We do not recommend sharing your personal API key — even with trusted coworkers or teammates. API keys grant access to your organization's usage and billing, and sharing them can:

  • Compromise account security

  • Obscure usage tracking

  • Violate best practices for safe key management


What's the recommended way to collaborate?

You should not use user-based keys for team collaboration. Instead, we recommend using Project-based API keys, which are designed for safe, auditable, and scalable collaboration:

  • Create Projects in your OpenAI dashboard.

  • Assign members to Projects based on team, product, or environment (e.g., staging vs. production).

  • Generate distinct API keys per Project, with isolated rate limits and spend controls.

  • Monitor usage per Project in your usage dashboard.

This approach gives you:

  • Stronger access control

  • Better separation of environments

  • Clear, per-project usage visibility

  • Safer operational boundaries for production systems


Can I still invite users to the organization?

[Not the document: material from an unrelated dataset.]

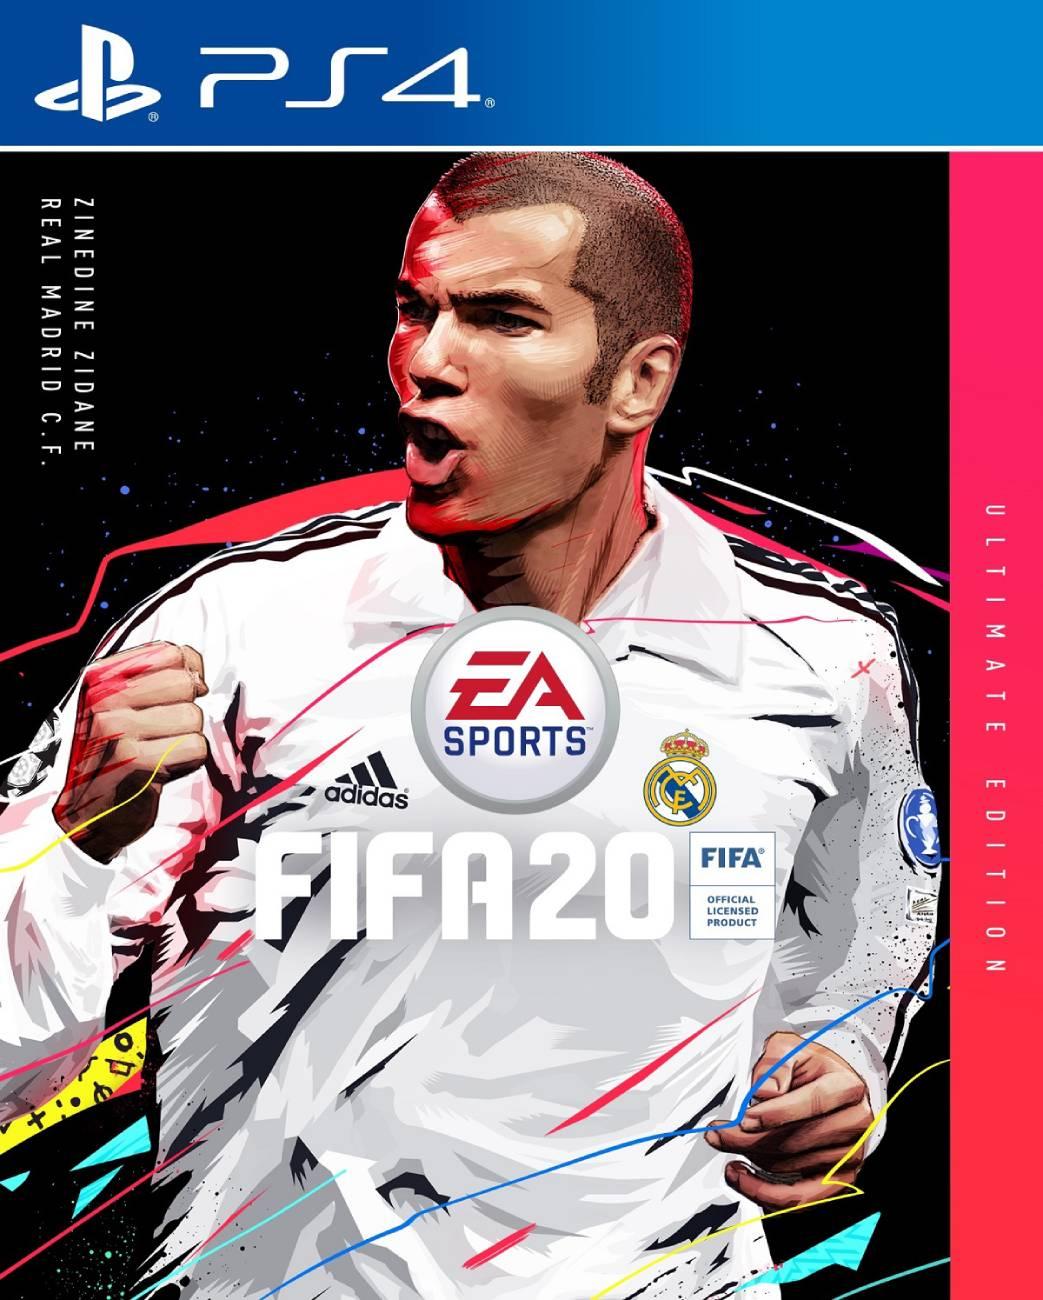 Zinedine Zidane wird Coverstar der Ultimate Edition

Yes. From the Team page, you can:

  • Invite teammates to your organization

  • Assign them as readers or owners

  • Let them use Projects securely without sharing personal keys

Each user can authenticate using keys tied to the Projects they’re authorized to access.


Where should I store API keys?

All API keys should be:

  • Stored securely using environment variables or secret management tools

  • Never committed to code or shared in plaintext

  • Rotated if you suspect they've been exposed


What if I want to separate environments?

You can:

  • Create separate Projects for staging, production, and development

  • Assign distinct API keys and users to each environment

  • Apply separate rate and spend limits per Project

This gives you tighter operational control and reduces the risk of accidentally affecting live systems.